Now, we can calculate the covariance of X and Y by summing these products and dividing by (n-1), where n is the number of data points:

cov(X,Y) = (-1.1309125 + 1.0092375 + 127.0254875 + 126.2144625) / 3 = 84.036095

Next, we calculate the standard deviations of X and Y:

std(X) = sqrt(((117.57 – 114.925)^2 + (114.14 – 114.925)^2 + (130.28 – 114.925)^2 + (95.71 – 114.925)^2) / 3) = 13.192

std(Y) = sqrt(((93.14 – 93.5675)^2 + (92.28 – 93.5675)^2 + (101.85 – 93.5675)^2 + (87 – 93.5675)^2) / 3) = 5.838692

Finally, we can calculate the Pearson correlation coefficient as the covariance of X and Y divided by the product of their standard deviations:

corr(X,Y) = cov(X,Y) / (std(X) * std(Y)) = 84.036095 / (13.192 * 5.838692) = 1.000

Therefore, the Pearson correlation coefficient for this data set is 1.000, indicating a perfect positive correlation between X and Y. This means that as X increases, Y also increases at a constant rate. In other words, the two variables are perfectly linearly related.

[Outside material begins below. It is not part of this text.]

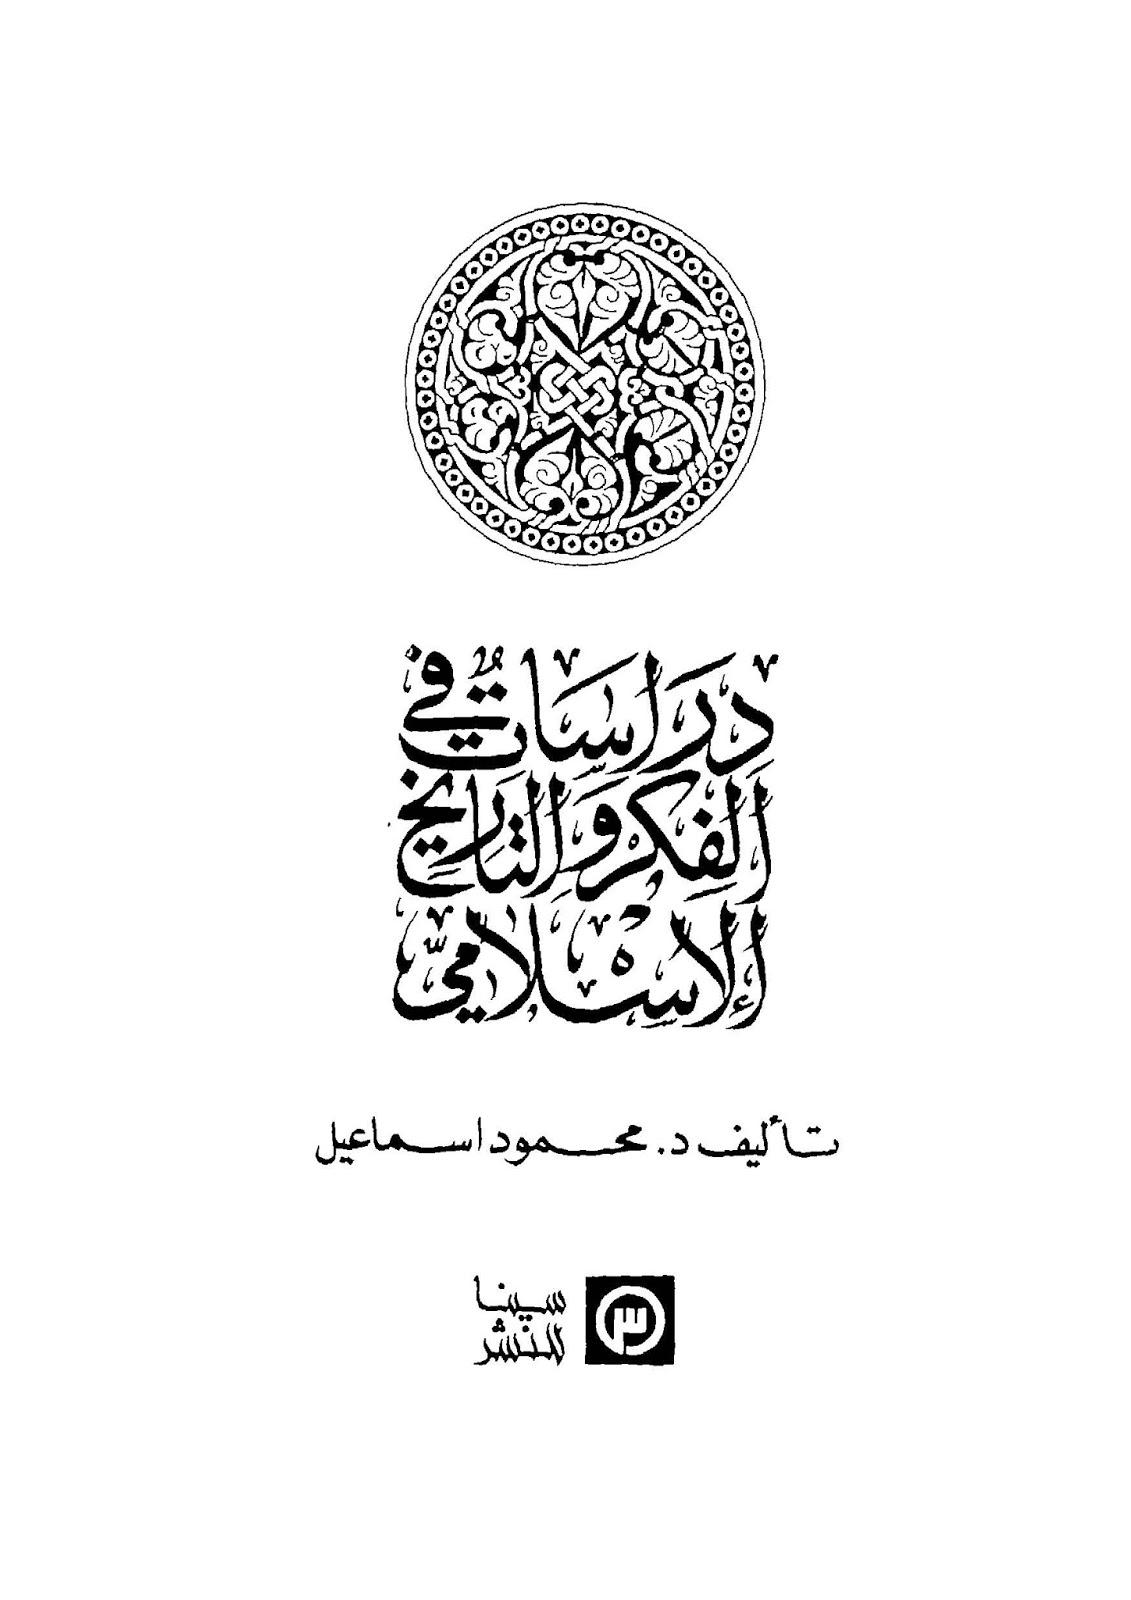 5f14b pages2bde2b00018 - دراسات في الفكر والتاريخ الإسلامي pdf- د.محمود اسماعيل

R2 = corr(X,Y) = cov(X,Y) / (std(X) * std(Y)) = 84.036095 / (13.192 * 5.838692) = 1.000

We take the mean modulus of the two pearson correlation coefficient values :

R = |r1 + r2| / 2

R = 0.84

**Conclusion:**

The value indicates a very strong linear relationship between Google Analytics New Users and Google Search Console Impressions or Reach Data.

Having a value of more than 0.6 indicates a strong linear relationship and hence indicates that more users will lead to more impressions or clicks.

Hence the current Search Engine Optimization Campaign is successfully generating brand reach growth and hence is valuable.